La entidad funciona con financiación de particulares y “algo” de la alcaldía. Los voluntarios son una pieza clave en las proyecciones y demás iniciativas del colectivo. Además del tiempo, se les exige dejar detrás la condescendencia y los prejuicios. “Empezamos a cuestionarnos el morbo que atraía a los propios voluntarios que venían cada ocho días”, cuenta el cofundador. “Queremos generar una relación con estas personas más real y provocar una reflexión. Por eso empezamos a incentivar los roles más comprometidos”. El cine saldrá a la calle al menos una vez al mes. “Nos toca de a poquitos”.

La comuna 10 de Medellín, un punto caliente donde se junta una gran parte de la venta de drogas de la ciudad y miles de habitantes de calle.Santiago Mesa

Ponerle cifras a esta realidad es casi imposible, precisamente por la invisibilización del colectivo y su propia condición de población flotante. Según los últimos datos del Departamento Administrativo Nacional y de Estadística (Dane) de 2019, hay 22.790 personas que viven al raso en Bogotá y los 21 municipios principales, entre los que está Medellín, con 3.788. Son el 0,13% de la población colombiana, el 88 % son hombres. Este recuento se hace en función de las camas de los albergues que, como este, no suelen dar cobijo —ni de lejos— a toda la población necesitada. Una estimación del periódico El Tiempo, prácticamente duplica esta cifra.

Para la secretaría de Inclusión Social, Familia y Derechos Humanos de la ciudad, el reto es la “dignificación” de esta población. “El principal objetivo es motivarlos de manera adecuada para que accedan a la oferta de la Alcaldía de Medellín y del sector privado. Hay que lograr que empiecen un proceso de resocialización”, afirma el secretario, Juan Pablo Ramírez Álvarez por escrito.

Entre los bancos, veredas y parques, se reúnen todos los problemas sociales del país: abuso de estupefacientes, desplazamientos forzados, gente a la que echaron de casa por se homosexual o tener problemas mentales, pobreza, criminalidad… “Pregunte qué falló en la humanidad y lo encuentra acá”, lamenta el fotógrafo. Pero no es la única narrativa. “Queremos desestigmatizarlos. Las mismas cosas que uno hace en la calle, las hace otro en un contexto diferente y son bien vistas. Ellos juegan dados aquí y otra gente lo hace en el casino. No somos tan lejanos. Toca romper con el estereotipo de la violencia; y dejar de verlos como el enemigo”.

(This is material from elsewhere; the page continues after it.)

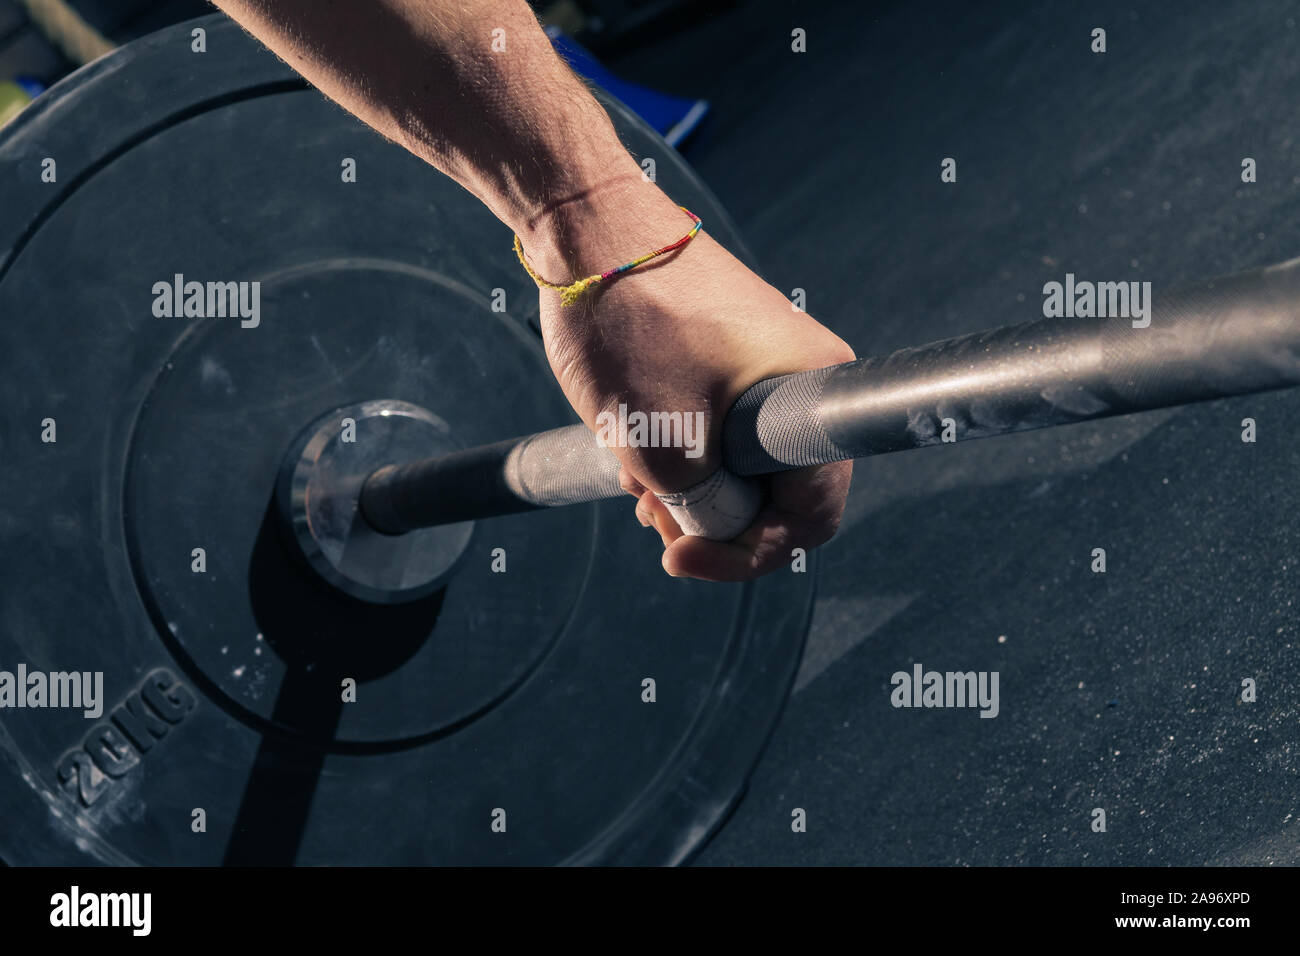 Closeup of man's left hand with bracelet hook gripping a barbell with 20kg plates Stock Photo

Varios habitantes de calle comparten palomitas en la proyección de ‘Los días de la ballena’.Santiago Mesa

Luis Fernando, de 51 años, dice que no sabe lo que es tener mamá. Pasó su adolescencia en un internado y desde que cumplió la mayoría de edad, buscó cobijo en las esquinas. Es un hombre amable, que disimula su borrachera constante para contar su historia. “Venga, yo le cuento”, dice con sed de ser escuchado. Ofrece el mejunje que sorbe a un amigo que pasa. “El fresco no se le niega a nadie”, prosigue, y enseña su cédula de identidad con orgullo. En el carné, un joven sonriente nada se le parece al que lo porta. “Yo ya me hice a este mundo”, narra. Katherine, de 30 años, escucha los periplos de la vida de su amigo y se ríe a carcajadas con los detalles más inverosímiles. Hace un año y medio que logró alquilar una habitación junto a su marido, que pagan por noche. Son casi cuatro euros diarios. “Mi esposo vende cigarrillitos de madrugada y así la vamos llevando. Menos mal que conseguí salir de acá. Ya no duermo con miedo a que me apuñalen o me violen”.